In the aortoiliac region, poorer image quality in the NC-MRA as compared with the CE-MRA/CTA was likely due to soft tissue and venous contamination and breathing artifacts. In the infrapopliteal regions, this could probably be attributed to motion artifacts, slower velocities and the smaller caliber of the vessels. Significant PAD with stenosis in the proximal arteries, resulting in poor inflow, may have also been a factor adding to the poor signal in the distal arteries.

Degree of Stenosis

In the aortoiliac and femoropopliteal regions, there was an acceptable agreement between the NC-MRA and the CE-MRA/CTA. But in the infrapopliteal region, the agreement was poor. The NC-MRA overestimated the degree of stenosis ([Fig. 4]), more so in the infrapopliteal arteries, with the CPA being the most affected. This could probably be attributed to the smaller caliber of the arteries in the leg and poor inflow due to proximal stenosis. The length of the stenosis was also overestimated by the NC-MRA, especially when the length of the stenosis was relatively shorter. The quality of NC-MRA in the aortoiliac region was good on visual interpretation. However, there was overestimation of stenosis in the aortoiliac region, which is likely due to decrease in flow velocity in the poststenotic vascular segments.[24] [25] Overestimation of the stenosis in the femoropopliteal and infrapopliteal regions is likely due to the flow-dependent nature of the TOF technique.

Zoom Image
Fig. 4 Noncontrast MR angiography (NC-MRA) and contrast-enhanced MR angiography (CE-MRA) in the same patient in the infrapopliteal region. (A) NC-MRA of the infrapopliteal arteries show grade 3 stenosis of the right posterior tibial artery (PTA) (white arrow) and anterior tibial artery (ATA) proximally (block white arrow) the left PTA (white arrow) and the left common peroneal artery (CPA) (curved white arrow). (B) CE-MRA of the infra-popliteal arteries shows that the right PTA (white arrow) and proximal right ATA (block white arrow) are patent with grade 2 stenosis of the left PTA (white arrow) and grade 3 stenosis of the left CPA (curved white arrow).

Although we attempted to reduce motion by alleviating pain by administering oral analgesics prior to the study, motion-related artifacts could have contributed to the poorer performance of the NC-MRA, which takes more time than CE-MRA (19 minutes vs. 4 minutes).
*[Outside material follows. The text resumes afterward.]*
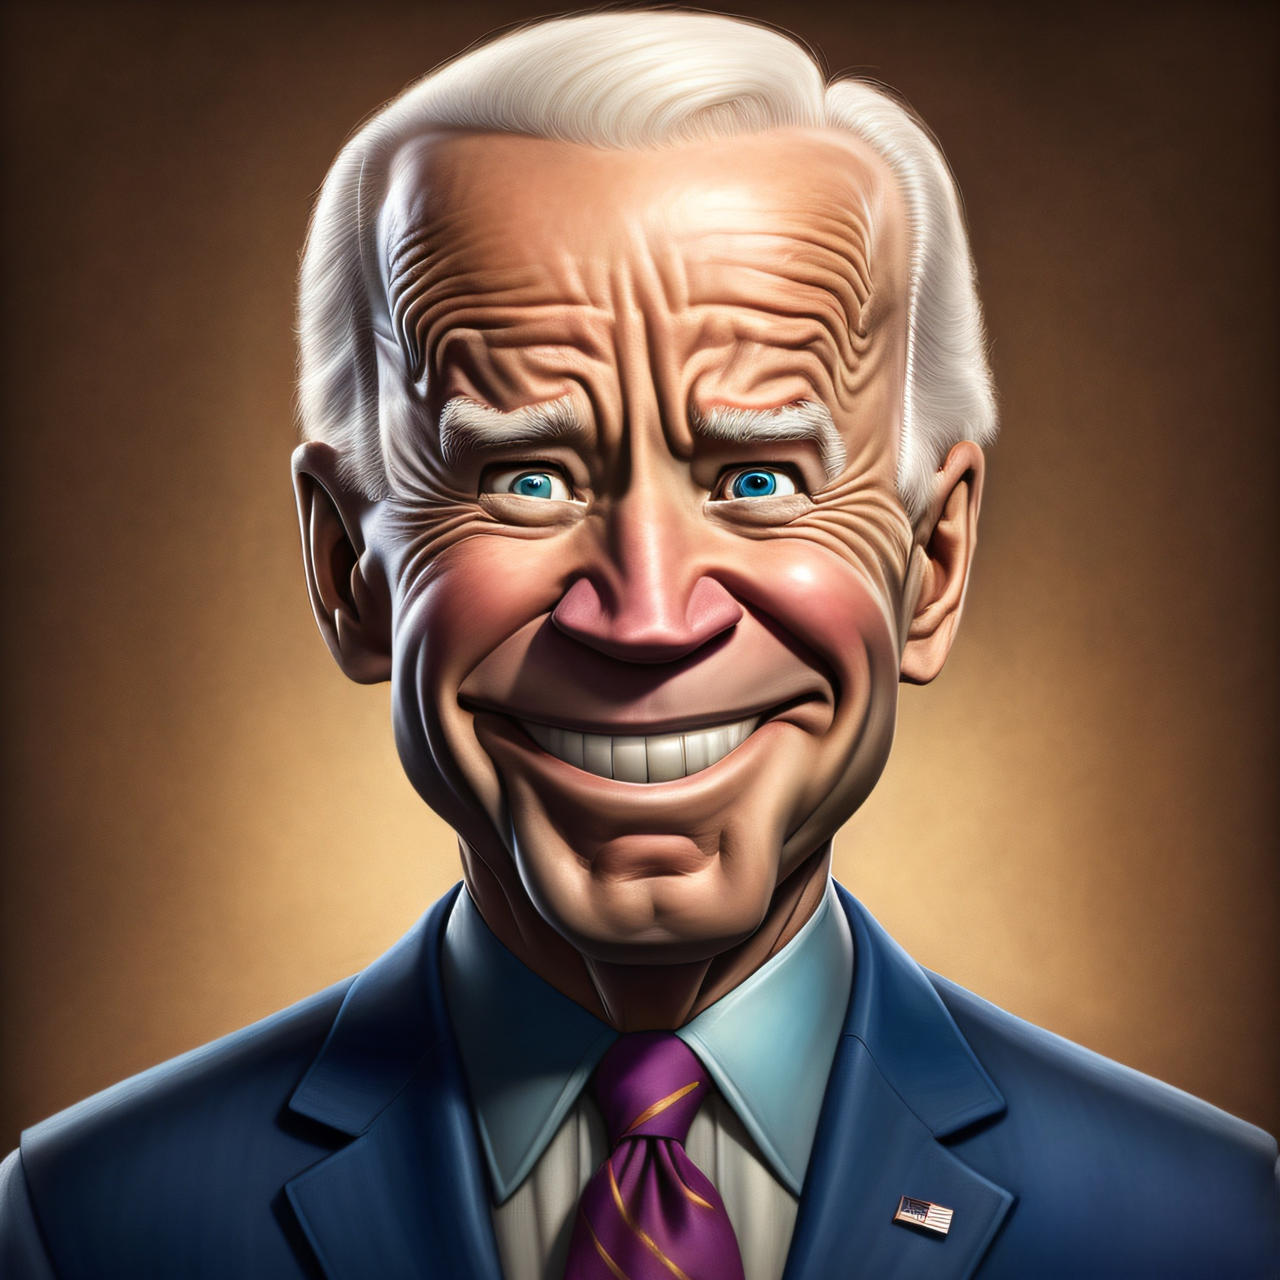 A whimsical caricature of Joe Biden by natali77 on DeviantArt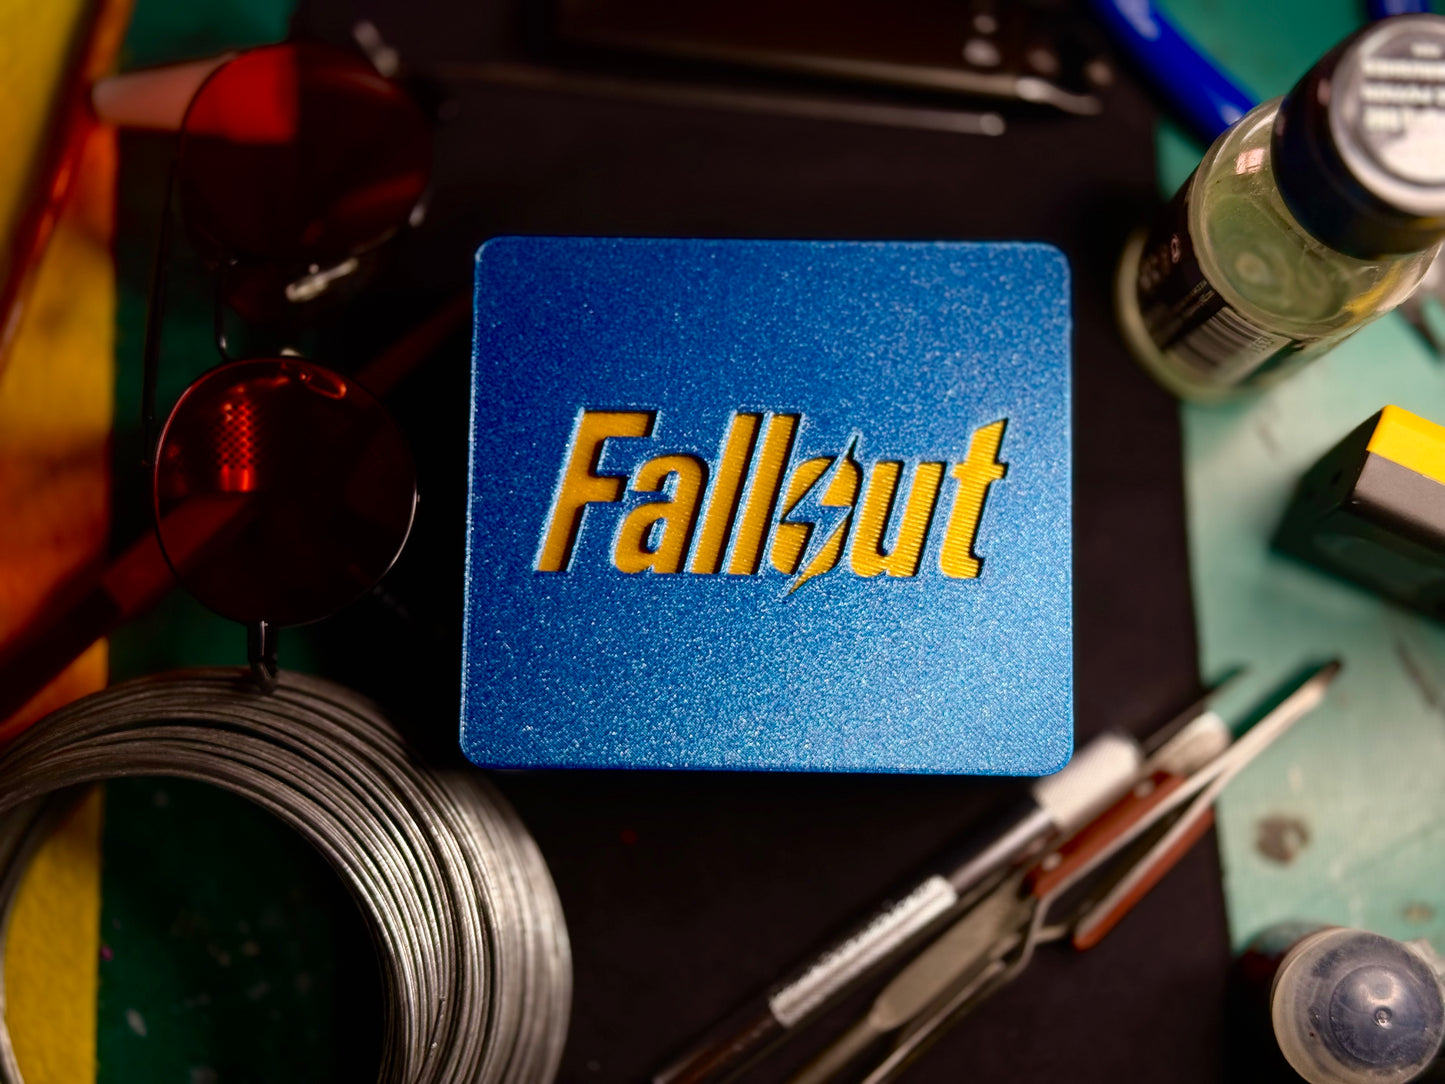 Caja Fallout imantada Premium.

In the evaluation of the arteries of the femoropopliteal region and the infrapopliteal region, the results of our study were comparable to that by Suttmeyer et al. They found a good correlation between the NC-MRA (using 2D TOF) and DSA, with a poor correlation in the infrapopliteal arteries in an open 1.0 Tesla MRI.[26] Gozzi et al analyzed the arteries from the celiac trunk to the feet by comparing unenhanced TOF sequences to DSA in the evaluation of PAD in 30 patients. They found a sensitivity of 96% and sensitivity of 99% of unenhanced TOF as compared with DSA, with a high sensitivity and specificity even in the arteries of the calf and feet.[27] As compared with our study, they utilized a smaller flip angle, a smaller field of view (FOV), a larger matrix, and a head coil while assessing the arteries of the feet. Superficial coils may have aided in further enhancing the quality of the images in the infrapopliteal region; however, this was not utilized in our study. In a meta-analysis by Nelemans et al, the relative odds ratio of CE-MRA with NC-MRA using 2D TOF angiography was found to be 7.46 (95% CI: 2.48, 22.20).[28]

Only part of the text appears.